Susan M. O’Brien, MD: There are other Bruton tyrosine kinase inhibitors in clinical trials for CLL. At this time, there’s acalabrutinib (Calquence), and there’s zanubrutinib (BGB-311). Gilead also has a drug that’s being looked at. None of them are actually approved for the treatment of CLL yet. The only one that has an approval at all is acalabrutinib, which has been approved for mantle cell lymphoma. There are no other BCL-2 inhibitors close on the horizon, as there are with the BTK inhibitors, but there are other drugs being looked at, including MCL1 inhibitors. This is important because there are some early data to suggest that one of the mechanisms of resistance to venetoclax may be upregulation of MCL1.

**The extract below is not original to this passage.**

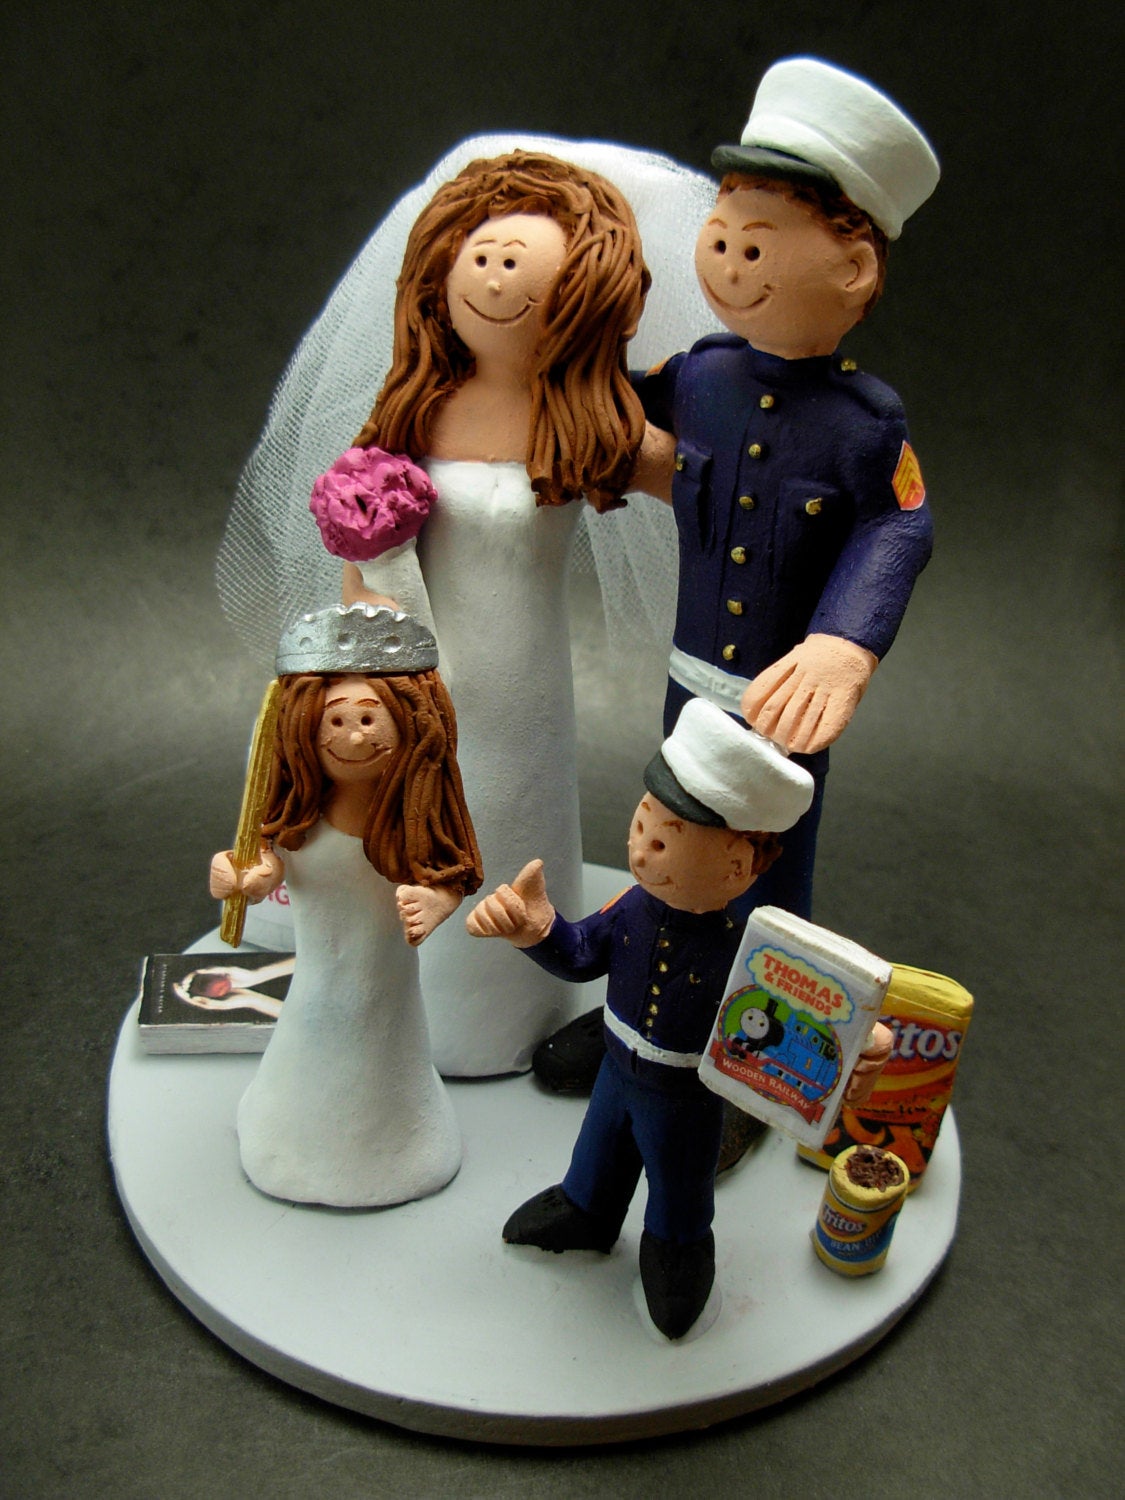 Mixed Race Family Wedding Cake Topper, Wedding CakeTopper with Kids, 2nd Marriage CakeTopper, Wedding CakeTopper with Children,family topper - iWeddingCakeToppers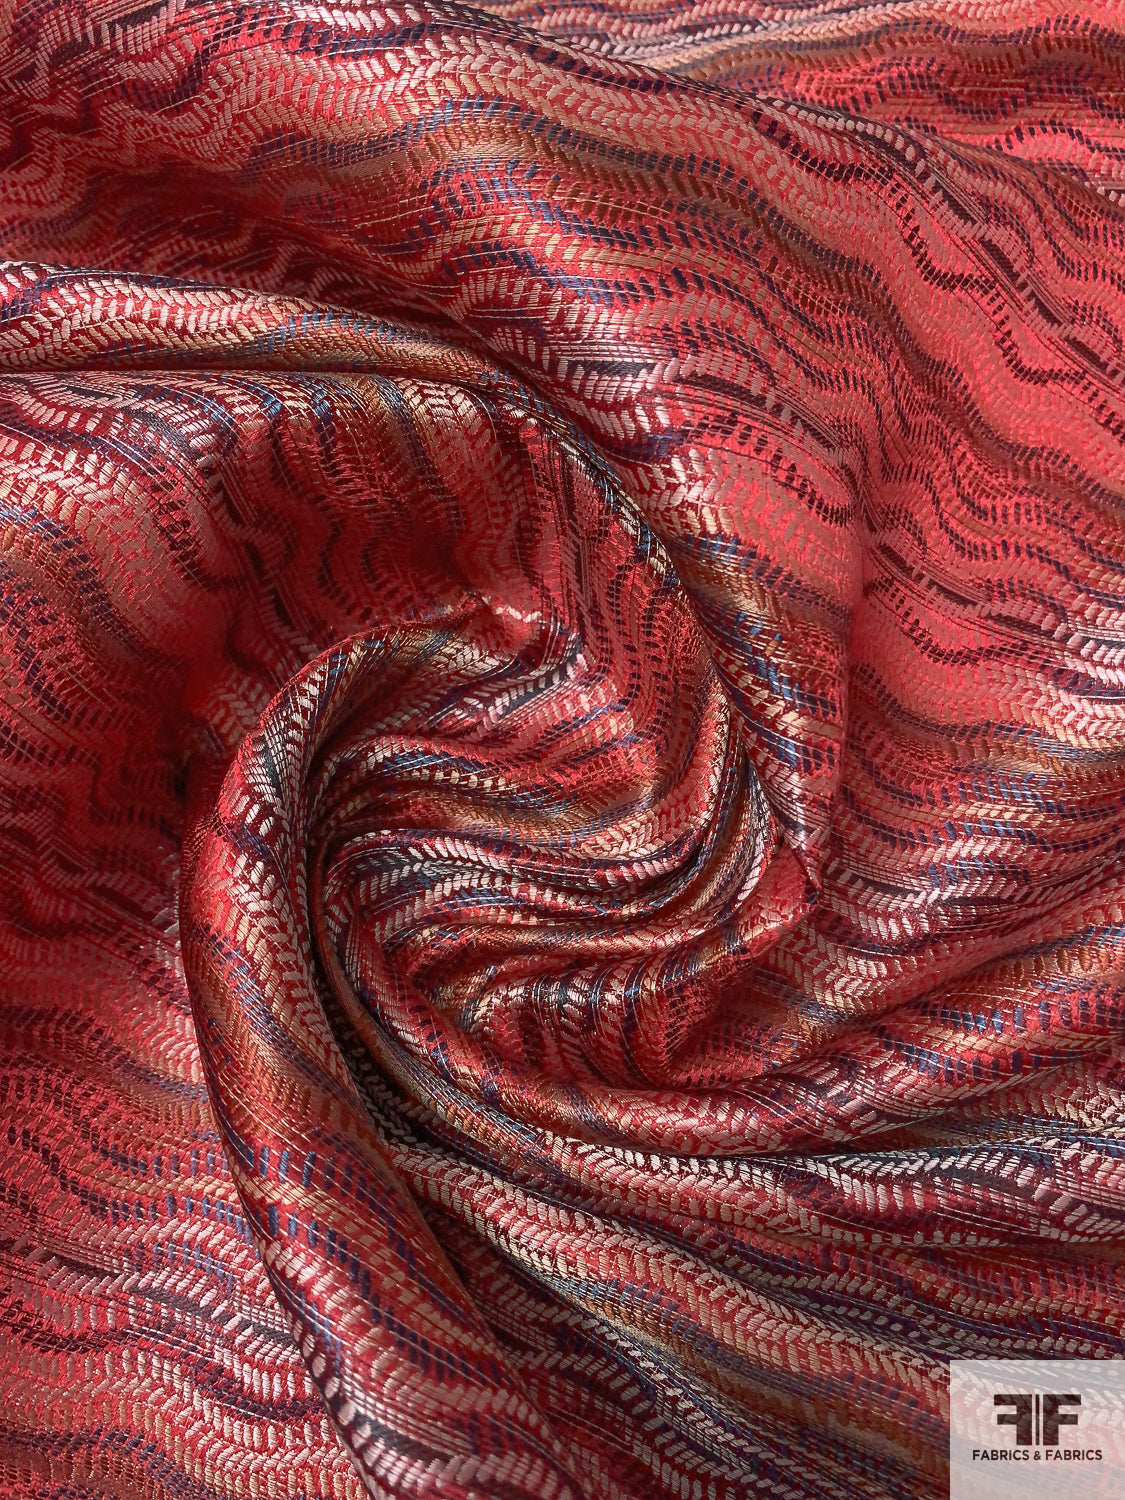 Wavy Striped Silk Necktie Jacquard Brocade - Reds / Blues / Saddle Brown

In addition to new BTK inhibitors—in terms of the ones that we know about from acalabrutinib to zanubrutinib, etc—there are other PI3K inhibitors coming out. Duvelisib is a drug that will likely be available for the treatment of CLL sometime this year, based on a positive randomized trial versus ofatumumab (Arzerra). There are some others, such as umbralisib (TGR-1202), that are also in registration trials. There is a lot of interest in combining these cell receptor inhibitors of different families—combining some of the PI3K inhibitors with venetoclax, the BCL-2 inhibitor. I think we will see more and more combination therapies moving forward.

I think what is going to happen in the long run in the treatment of CLL is that we’re moving toward small molecule combinations, either with or without antibody. These combinations are very exciting because early data suggest high response rates and high levels of MRD negativity. The other exciting point about this, and what may change treatment compared with what we do now with small molecules, is that the ability to have a high rate of MRD negativity may allow finite therapy. In other words, we may be able to discontinue those patients from treatment, and that’s very exciting, as opposed to telling a patient that they’re going to be on a therapy for life.

One of the challenges of having all these novel agents is how to sequence them, and we’re still learning. Right now, we sequence them based on what’s approved for what indication, etc, and what works when the other drug doesn’t work, but we will be able to learn a lot more about this moving forward. Don’t forget that ibrutinib was approved probably only about 4 years ago. In the interim, we’ve had idelalisib (Zydelig), we’ve had venetoclax, and we may have duvelisib this year. The landscape is changing so rapidly that we’re really learning on our feet; and I think sequencing is going to be important moving forward.